◆ **Material provided**:
........

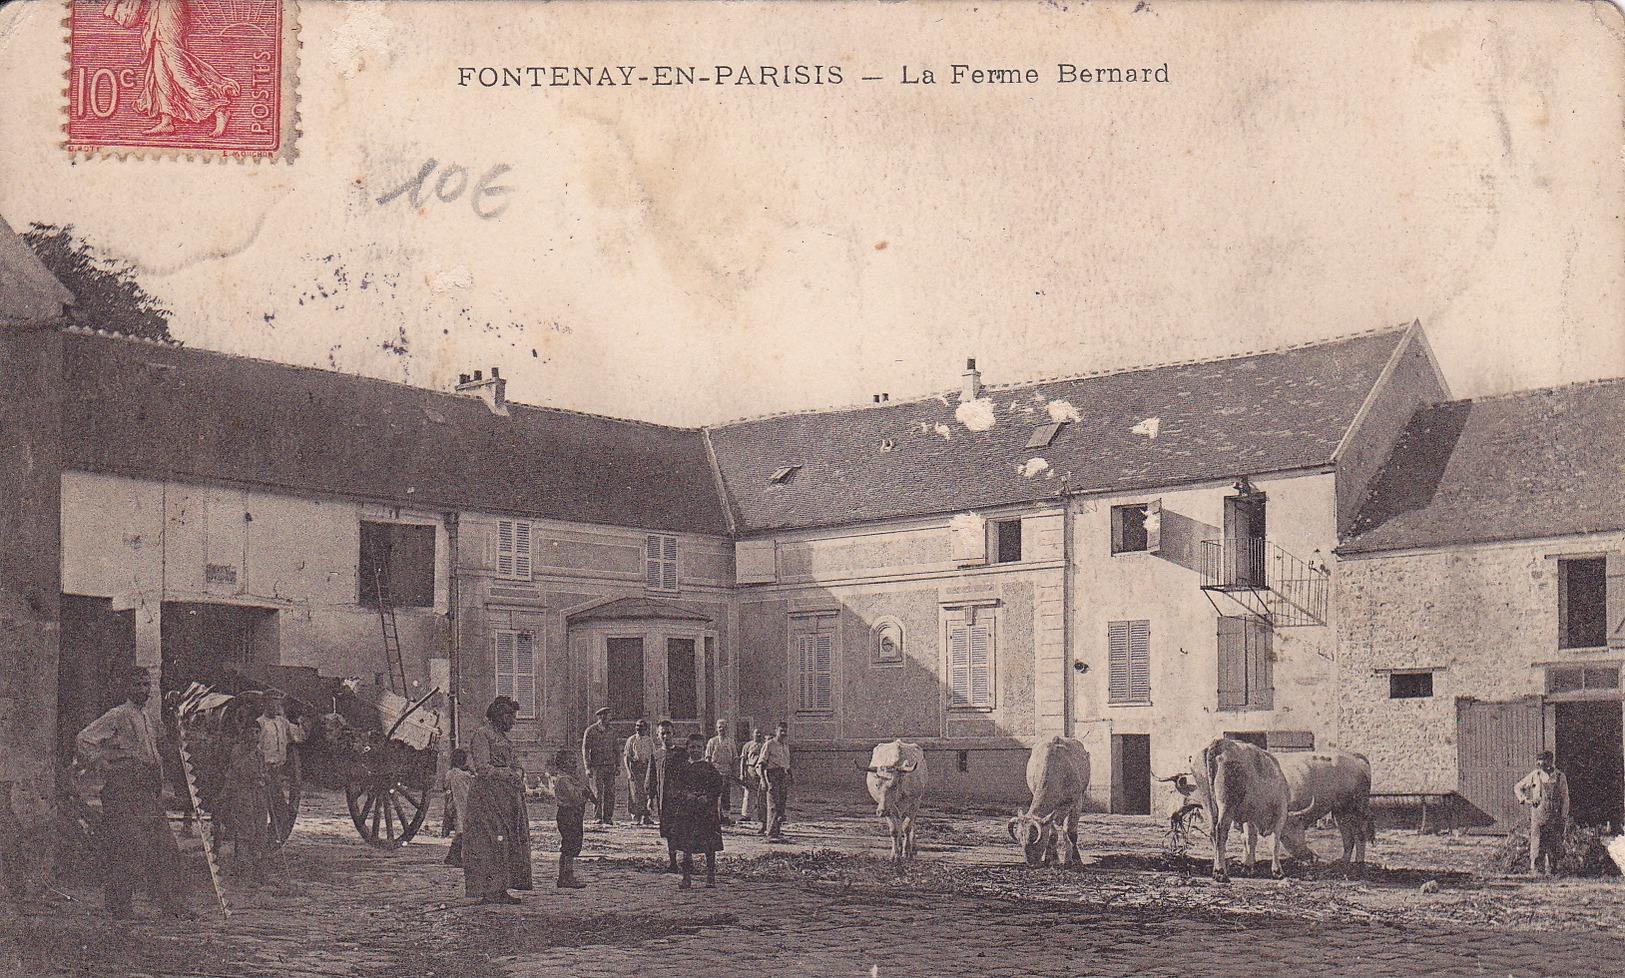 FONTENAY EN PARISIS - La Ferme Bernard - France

........

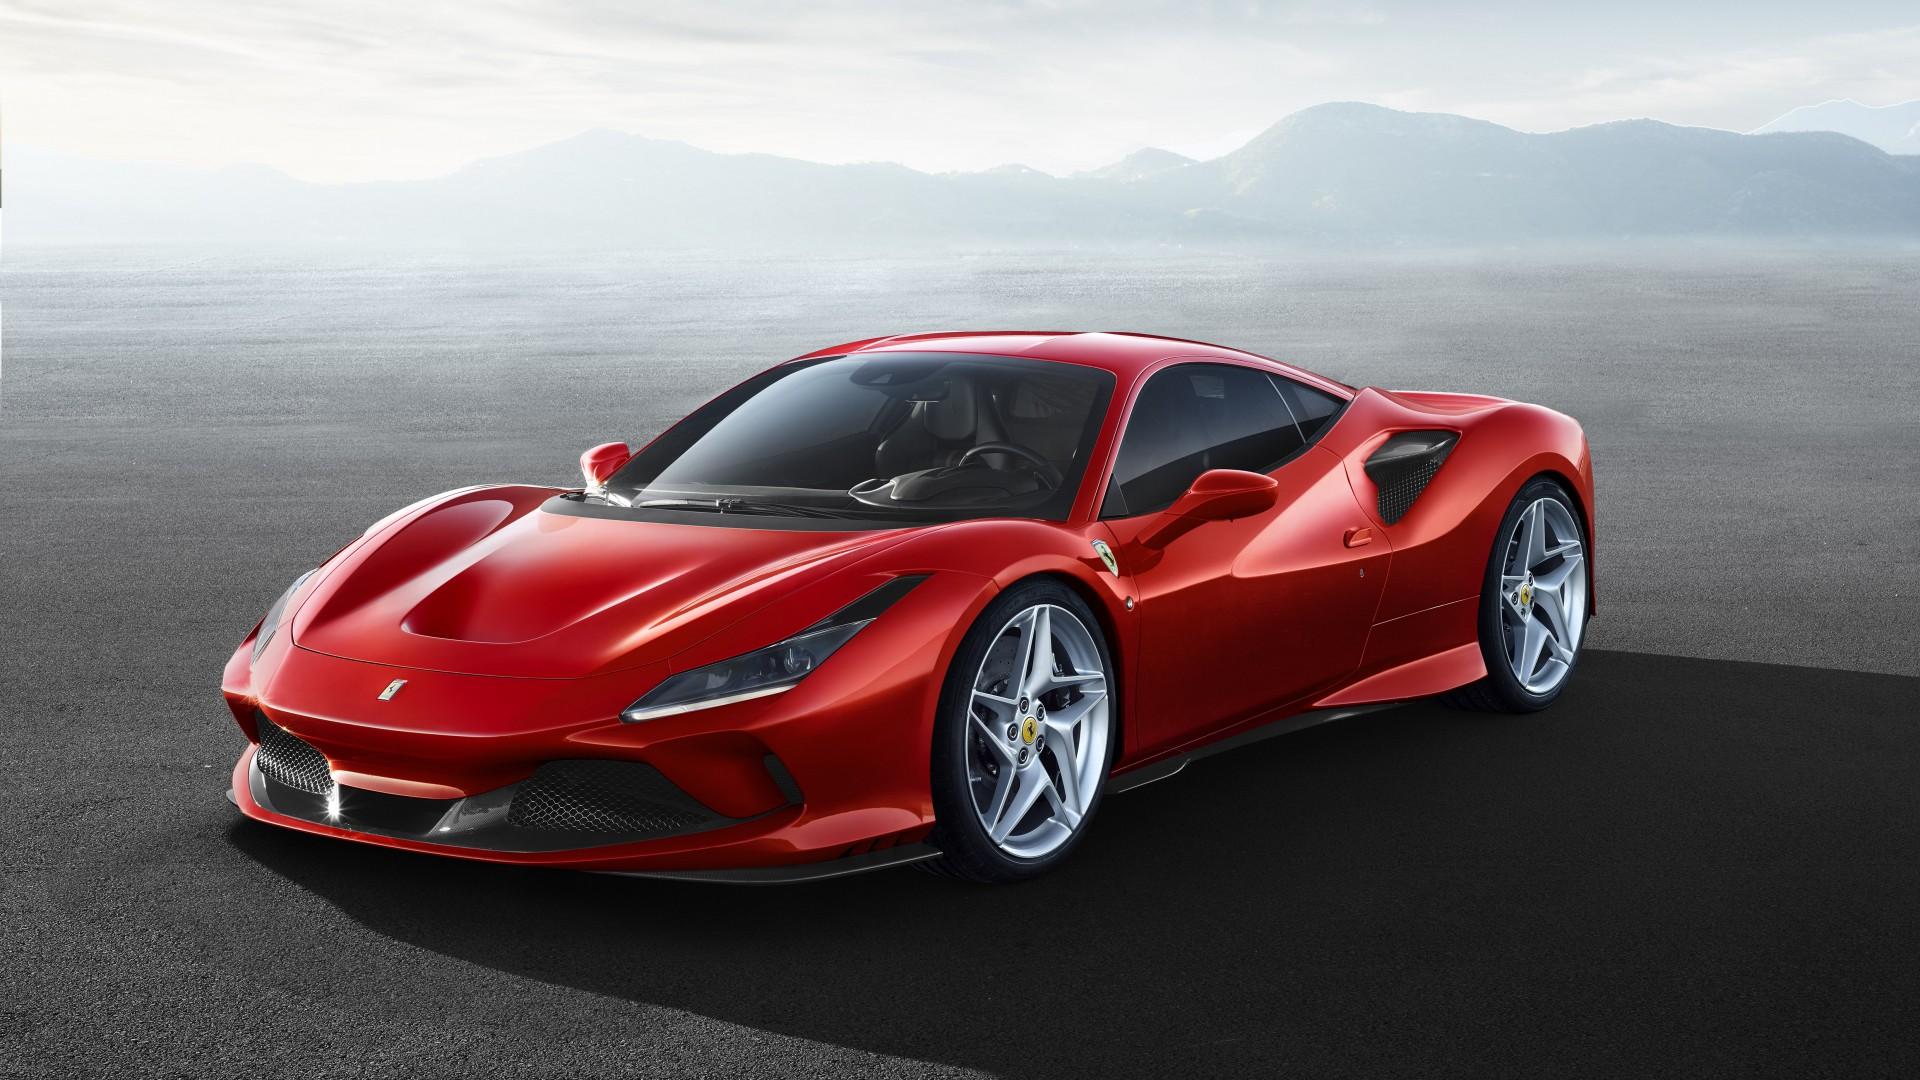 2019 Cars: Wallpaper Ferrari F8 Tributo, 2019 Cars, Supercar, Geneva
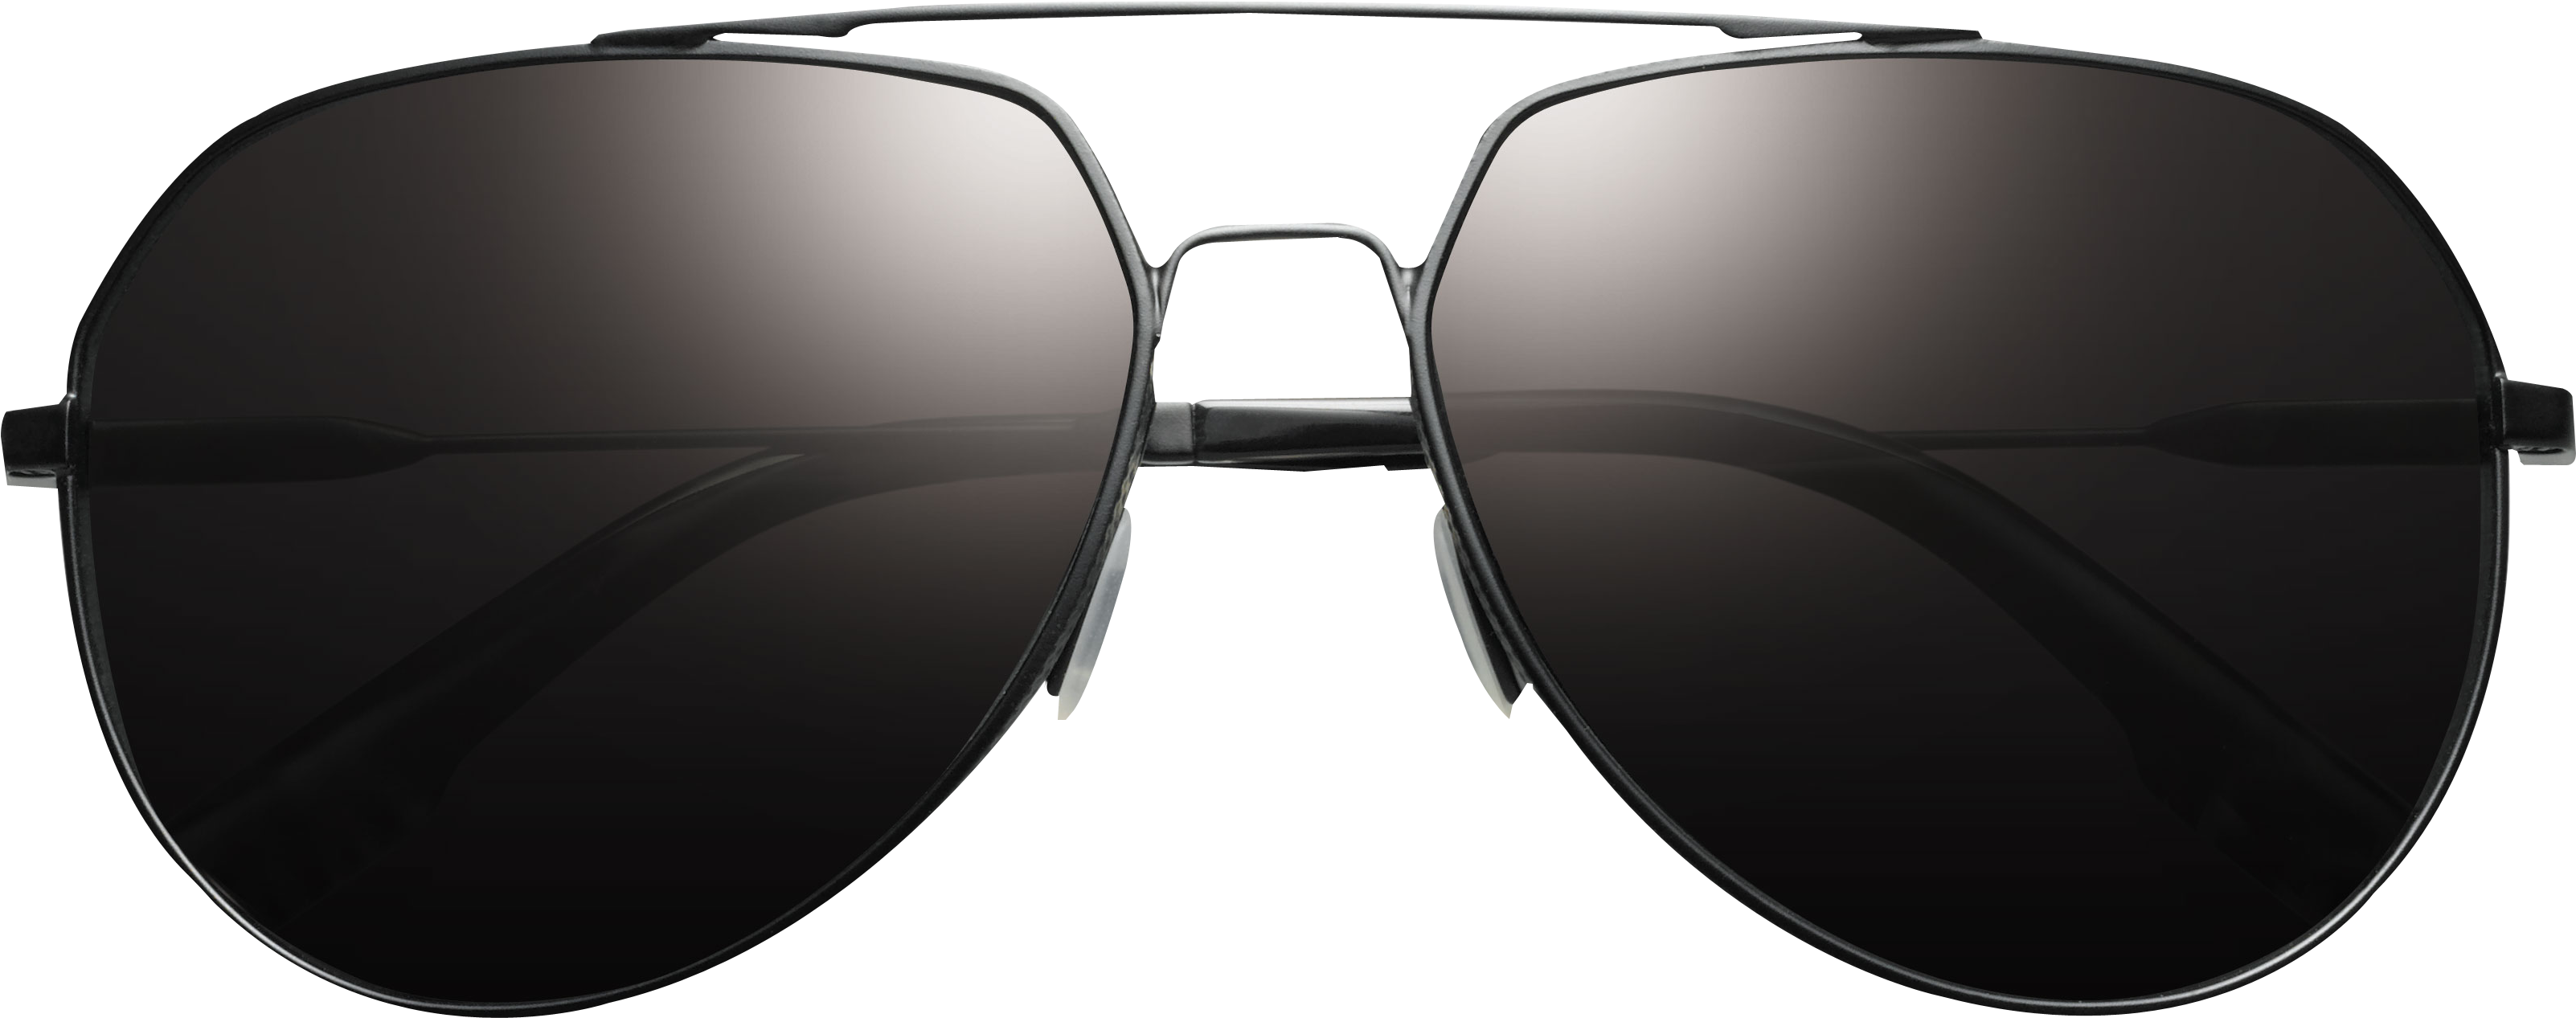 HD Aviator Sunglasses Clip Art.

........

Using the data above, transcribe exactly the lines between those containing "2019 Cars: Wallpaper" and "HD Aviator Sunglasses Clip Art.", inclusive, and leave every picture behind.

 2019 Cars: Wallpaper Ferrari F8 Tributo, 2019 Cars, Supercar, Geneva
 HD Aviator Sunglasses Clip Art.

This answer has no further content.